In his Capitol Hill talks, Arafat said he discussed ``all the problems″ facing the Israeli-Palestinian negotiations and possible solutions.

Livingston emerged from his first meeting with the Palestinian leader with a clearer ``understanding of the complexity of the issues,″ according to his spokesman Mark Corallo.

Arafat also scheduled a meeting with CIA director George Tenet. Tenet played a central though low-profile role in Israeli-Palestinian peace negotiations that resulted in the Wye agreement last October. The CIA is ensuring the implementation of the accord.

Arafat returns home with pledges of more than $3 billion from 43 nations made Monday at the end of a one-day donors conference. The assistance is to be used for water projects, road-building, the construction of a Palestinian airport and seaport and for industrial zones.

The United States intends to increase its contribution by adding $400 million to the $100 million a year it plans to donate over the next five years. The United States has contributed $500 million since 1993. Any U.S. increase would be subject to congressional approval.

Rep.

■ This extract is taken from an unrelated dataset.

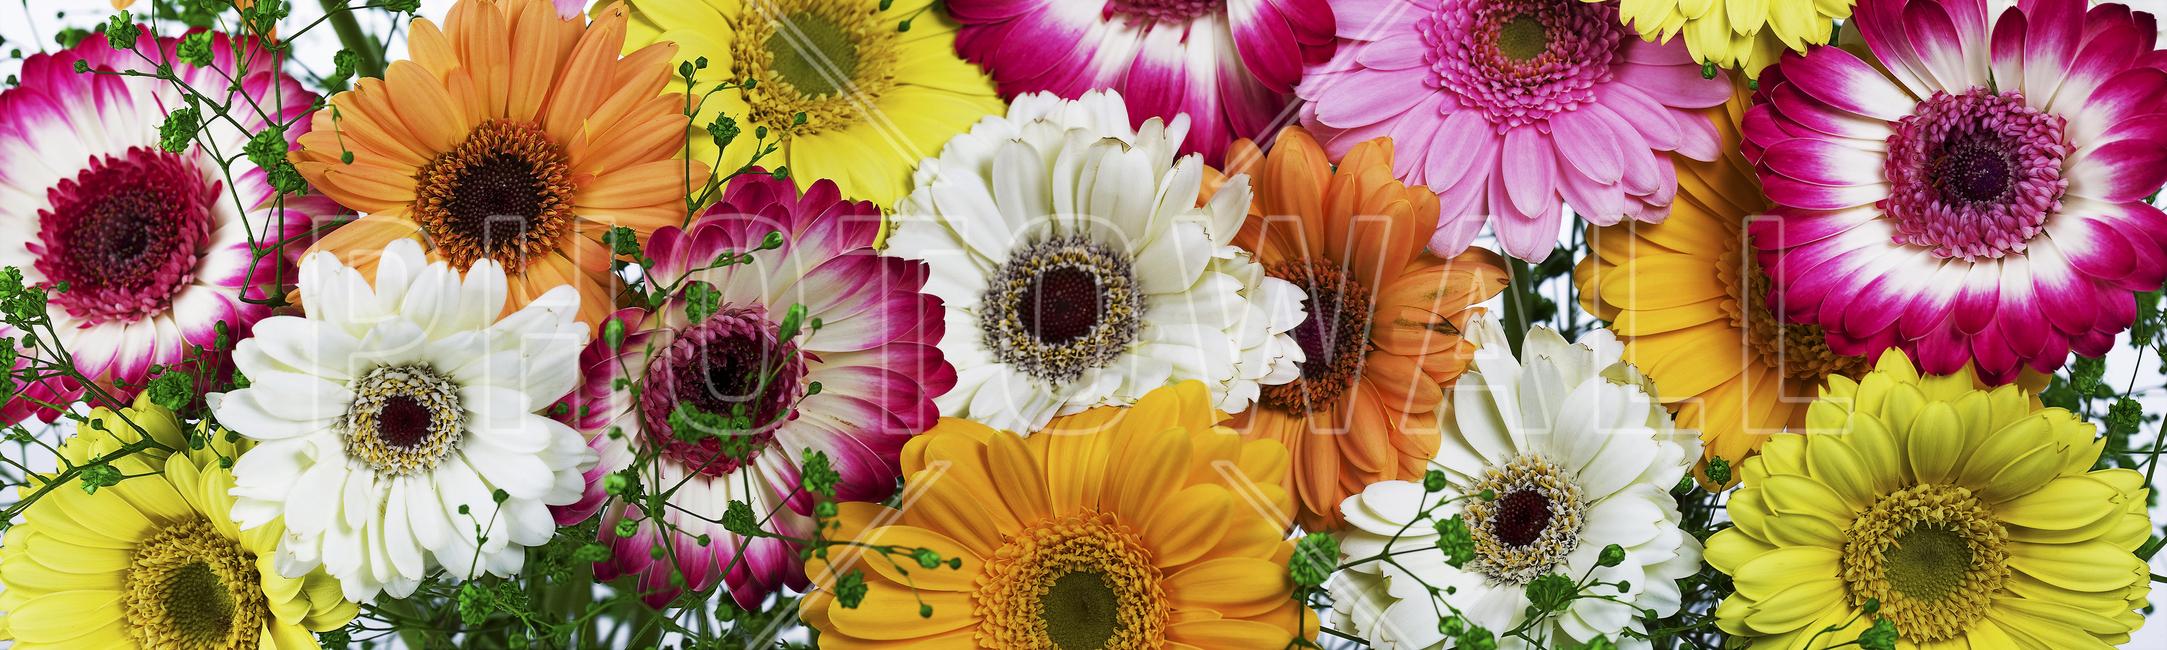 panoramic flowers colors wall mural photo wallpaper photowall panoramic flowers colors

Benjamin Gilman, R-N.Y., expressed concern about how the additional aid will be funded and said the United States should retain control of disbursements rather than give the funds directly to the Palestinian Authority.

``The administration should not seek to reduce funding for other programs in the Middle East to accommodate this initiative,″ said Gilman in a statement.

The meeting of the U.S.-Palestinian Joint Commission was part of an effort to strengthen ties between the United States and the Palestinian Authority, Rubin said.

It ``is part of the way in which we build our relationship with the Palestinians,″ he said.